To study the robustness of all the methods against noise, a number of noisy datasets by adding some synthetic data points generated uniformly distributed in feature space are produced. The number of the added synthetic data points is ϱ percent of the data size (i.e. ϱ * n). It is worthy to be mentioned that ϱ ∊ {0.00, 0.05, 0.10, 0.15, 0.20, 0.25, 0.30, 0.35, 0.40, 0.45}. The NMI results on the mentioned datasets with different noise levels are depicted in Fig. 9. The results depicted in the Fig. 9 are the ones averaged on all 19 datasets, where each result for any dataset is also an averaged over 30 independent runs. According to Fig. 9, our proposed method, Cluster-Wise Weighting Bi-Partite Graph with ND as dependability measure, outperforms is the method with the most robustness against noise.

Fig. 9
figure 9

The effect of the uniform noise level for the different clustering ensembles averaged over 19 datasets

To sum up, as the experimental results on various datasets illustrated, the proposed methods outperform the state-of-the-art clustering ensemble approaches. It is worthy to be mentioned that our method, Cluster-Wise Weighting Bi-Partite Graph with ND as dependability measure, not only outperform the other methods in terms of NMI, FM, ARI, and Acc, but also it always consumes less time to produce consensus partition. It means in all datasets, the proposed method, i.e. Cluster-Wise Weighting Bi-Partite Graph with ND as dependability measure, has produced consensus partition in much less time. As the number of used datasets is large, and they have different numbers of clusters, it is a fair conclusion that our method is faster than the state-of-the-art clustering ensemble approaches.

6 Conclusion

The paper presents a method for performing consensus clustering by exploiting the estimated uncertainty of clusters. It proposes a clustering ensemble method through a combination of several steps: First, the dependability of each cluster is estimated via an entropy measure and an exponential transformation, which reflects the spread of the cluster among different clusters of a clustering solution.

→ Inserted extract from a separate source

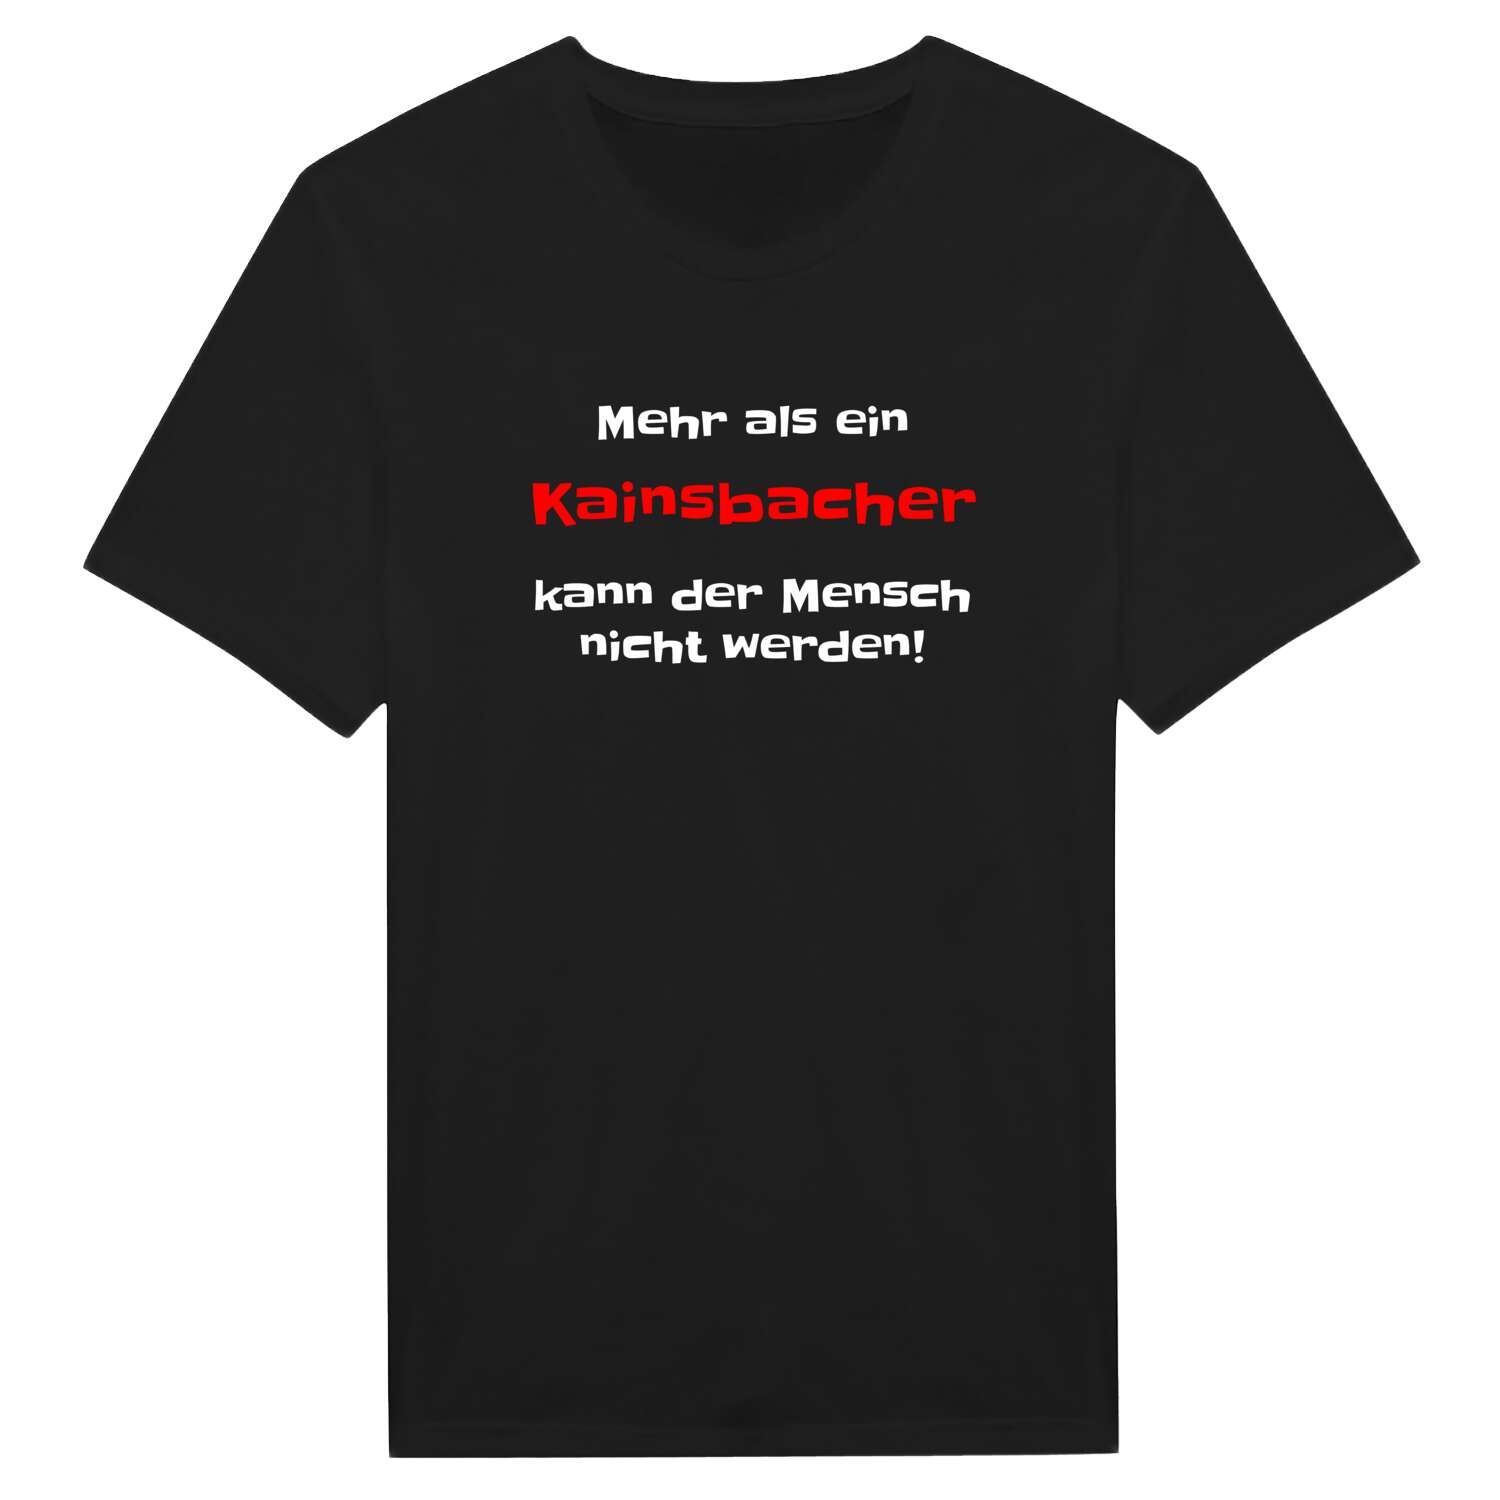 Kainsbach T-Shirt »Mehr als ein«

The proposed method builds upon the clustering ensemble paradigm. The multiple clusters are reconciled through the cluster uncertainty. The paper proposes two approaches to achieve this goal: locally weighted evidence accumulation and locally weighted graph partitioning. The former approach is based on hierarchical agglomerative clustering and co-association matrices, while the latter is based on bi-partite graph formulating and partitioning. The proposed approached are then evaluated on 19 real-life datasets. The experimental evaluation reveals that the proposed method has better performance than the competing methods; indeed, wide experimentations on real-world datasets show that our framework outperforms the state-of-the-art.

The main novelty of the paper is the incorporation of the uncertainty concept into the consensus functions. The contributions stated in the paper have been formulated to better reflect them in the paper. The proposed methods are indeed adaptations of some existing concepts for consensus clustering. Furthermore, dependability measure is a derivative of the uncertainty measure. Based on the definitions and intuitively, the proposed uncertainty measure is highly sensitive to the cluster size: It punishes clusters with larger sizes. This is the only drawbacks of the proposed method. So to solve this drawback, we have proposed normalized dependability measure. This measure is less sensitive to the cluster size.